People have decided who is a sheep or a goat based on what religion you follow, or whether you follow particular cultic laws or observe certain prohibitions. Others have decided that the difference between sheep and goats is how much faith you have, and at the more fundamentalist catholic and evangelical ends of the Christian spectrum, you are a sheep or a goat determined by what kind of Christian faith you follow. Human beings as a whole get endless fun from deciding who is in or who is out, and traditionally Christians on the whole haven’t been much different
The problem with all of these is that they are human projections onto a parable that says nothing of the sort about what club you belong to.
The only criteria by which God knows who is a sheep or a goat, and conversely the only way you really know God, is whether you have compassion or not.
In the examples given, which are by no means exhaustive, just representative examples, God knows whether you know him or not on the basis of whether you fed a hungry person, offered a drink to a thirsty man, welcomed a stranger, clothed the naked, took care of the sick, or visited prisoners.
Whether you are a sheep or a goat is determined by how compassionate you are towards your fellow man. That’s what the parable actually says.
But for me, the far more interesting point, is why should we be compassionate at all? What premise is our compassion based on?
The way Jesus describes why we should be compassionate indicates an innate interconnectedness and in a beautifully poetic phrase he says “Just as you did it to the least of these, who are members of my family, you did it to me”. At a very deep and very real level what you do for one, you do for all, including yourself and including God. Separation from God is the illusion, communion is the reality.

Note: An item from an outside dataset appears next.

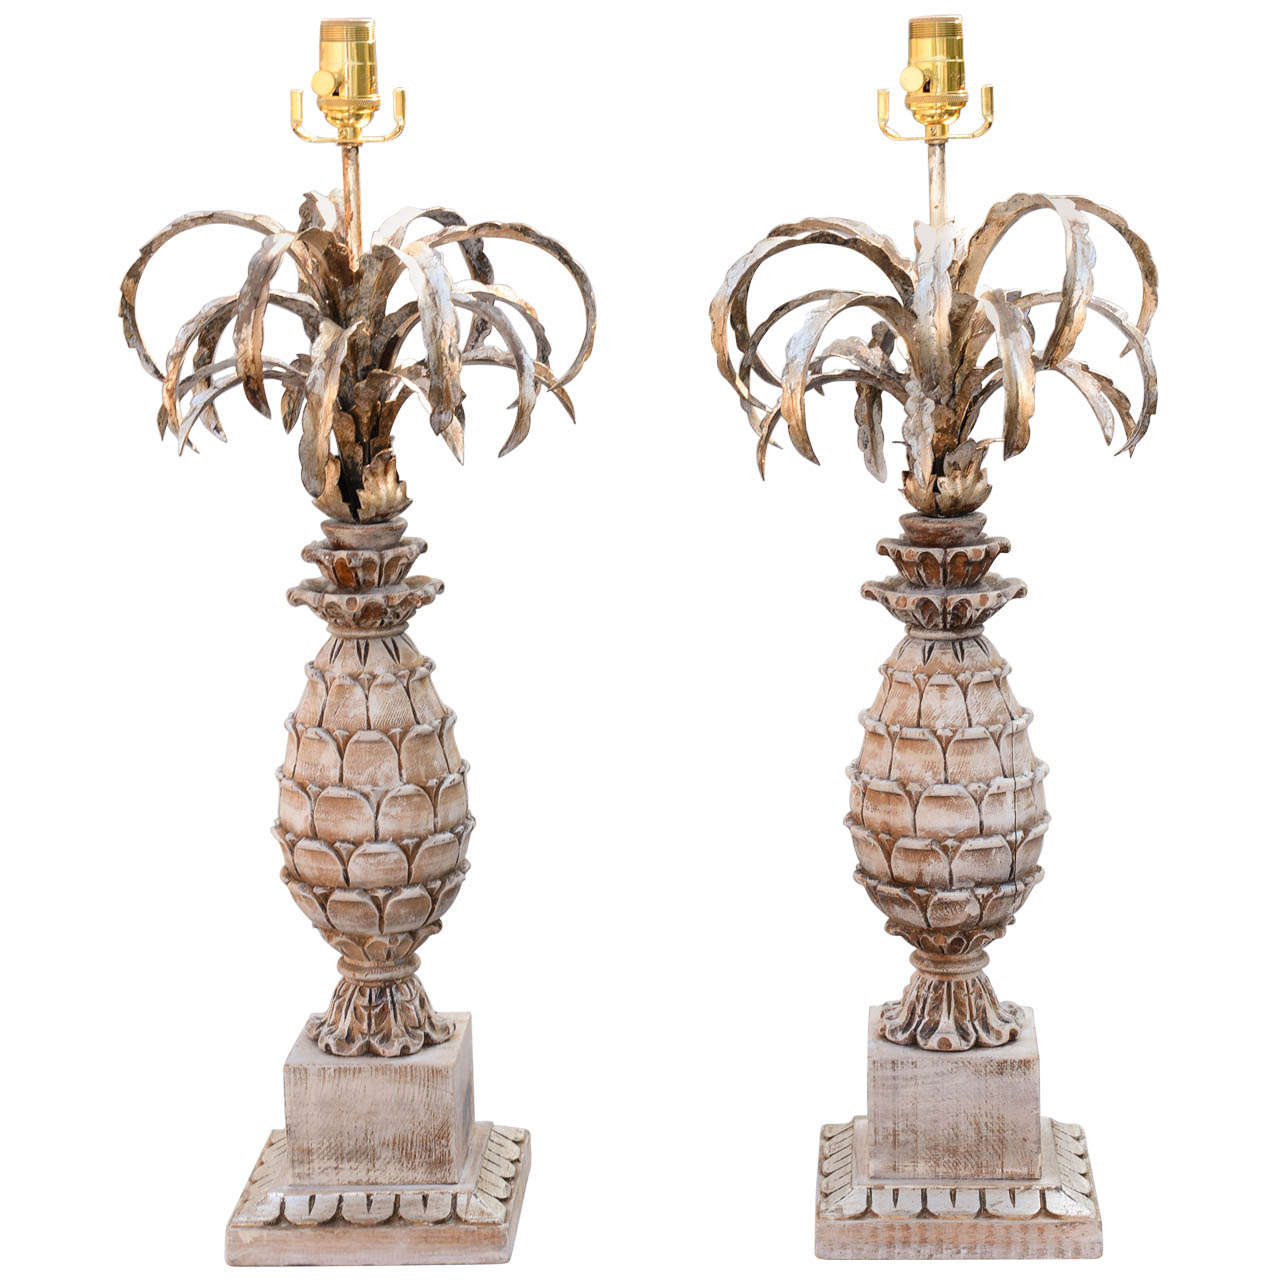 Lampen aus geschnitztem Holz und Metall in Ananasform, Paar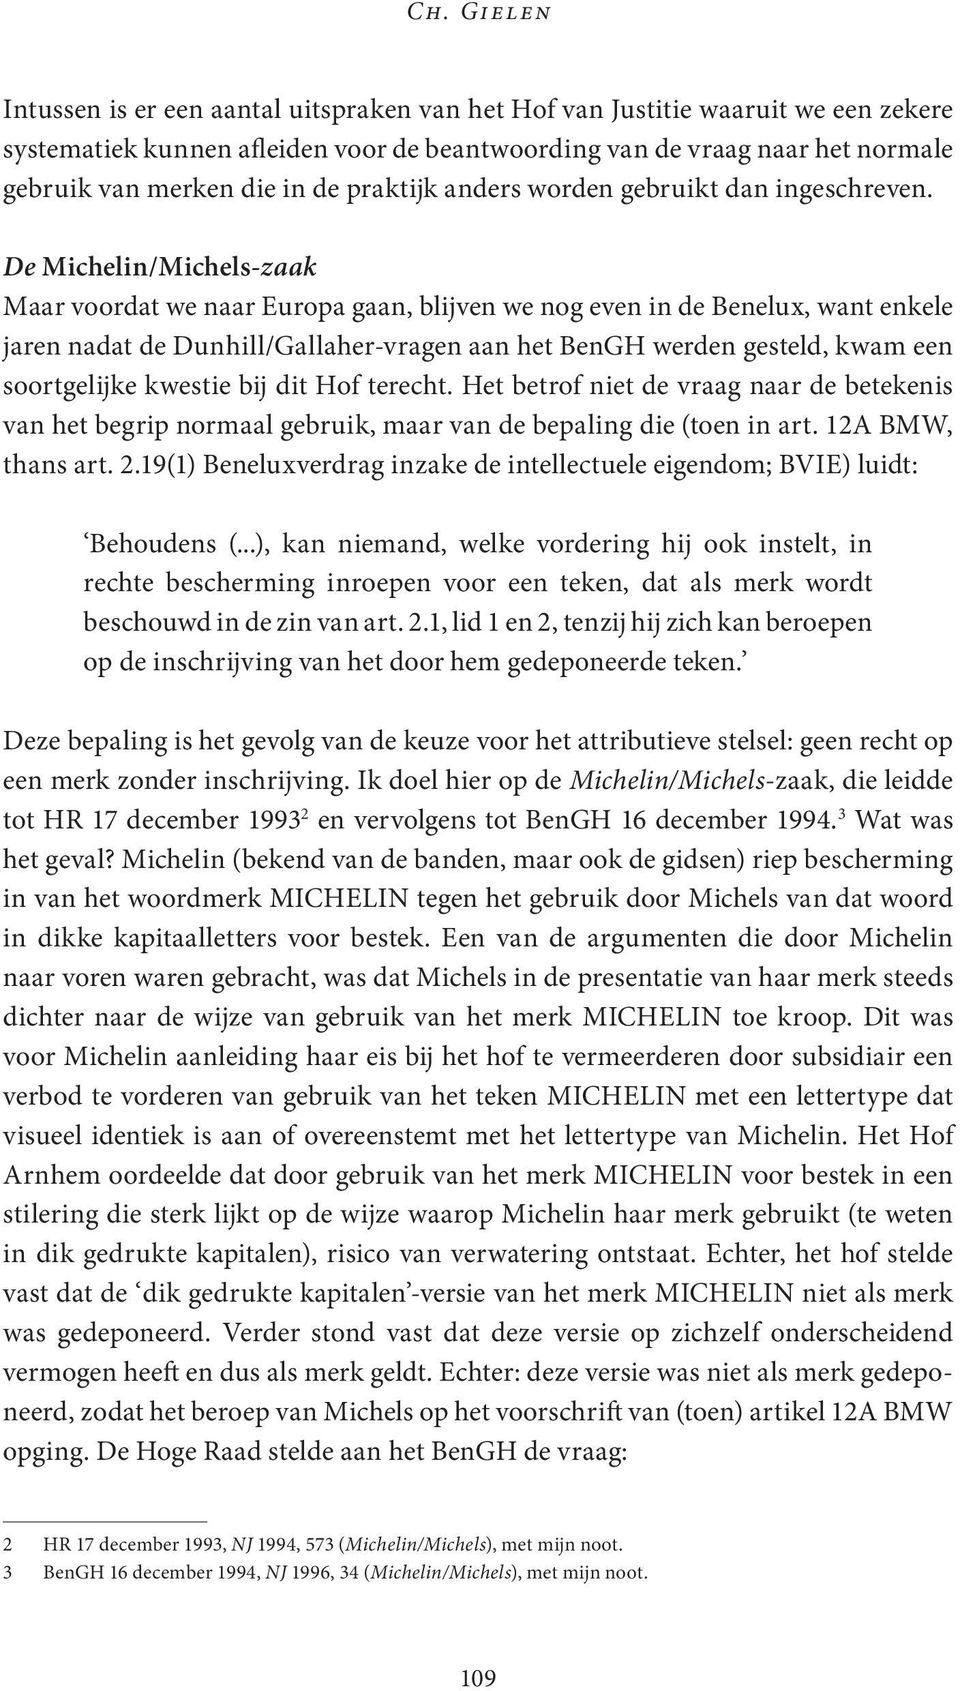 De Michelin/Michels-zaak Maar voordat we naar Europa gaan, blijven we nog even in de Benelux, want enkele jaren nadat de Dunhill/Gallaher-vragen aan het BenGH werden gesteld, kwam een soortgelijke

The premise Jesus gives, if you understand him properly is that all creation, including all the people in the world are a part of the divine being – that nothing is separate from the divine being, and as such we are all one, we are interconnected. That is the true state of our existence.
This is exactly the point of what Paul, (or at least one of his followers), is saying in this letter to the Ephesians. In a beautiful phrase Paul prays that “God our father, may give us a spirit of wisdom and revelation that our heart may be enlightened”.
So you see, enlightenment is not the sole preserve of the Eastern religions. Paul prays that we may be enlightened. Enlightened about what?
Well Paul then goes on to laud this great and immeasurable power of God, a power which he notes he put to work and revealed in the life of Jesus. This power of immeasurable greatness, which raised Jesus from the dead, is within all of us, which connects all of us.
That is the only basis by which Paul can call the church “the body of Christ”, because the church here represents the extent, humanly speaking, in which this revealed truth is known and realised – that God fills everything and connects everything. Paul puts it like this, “the church, which is his body, the fullness of him who fills all in all”
Compassion has its source in connection and empathy. Jesus and Paul both point out that “connected” is what we most truly and deeply are. Realising the fact is a work of God’s power working within you and leading you to this enlightened state. From darkness to light, from spiritual death to life in all its fullness.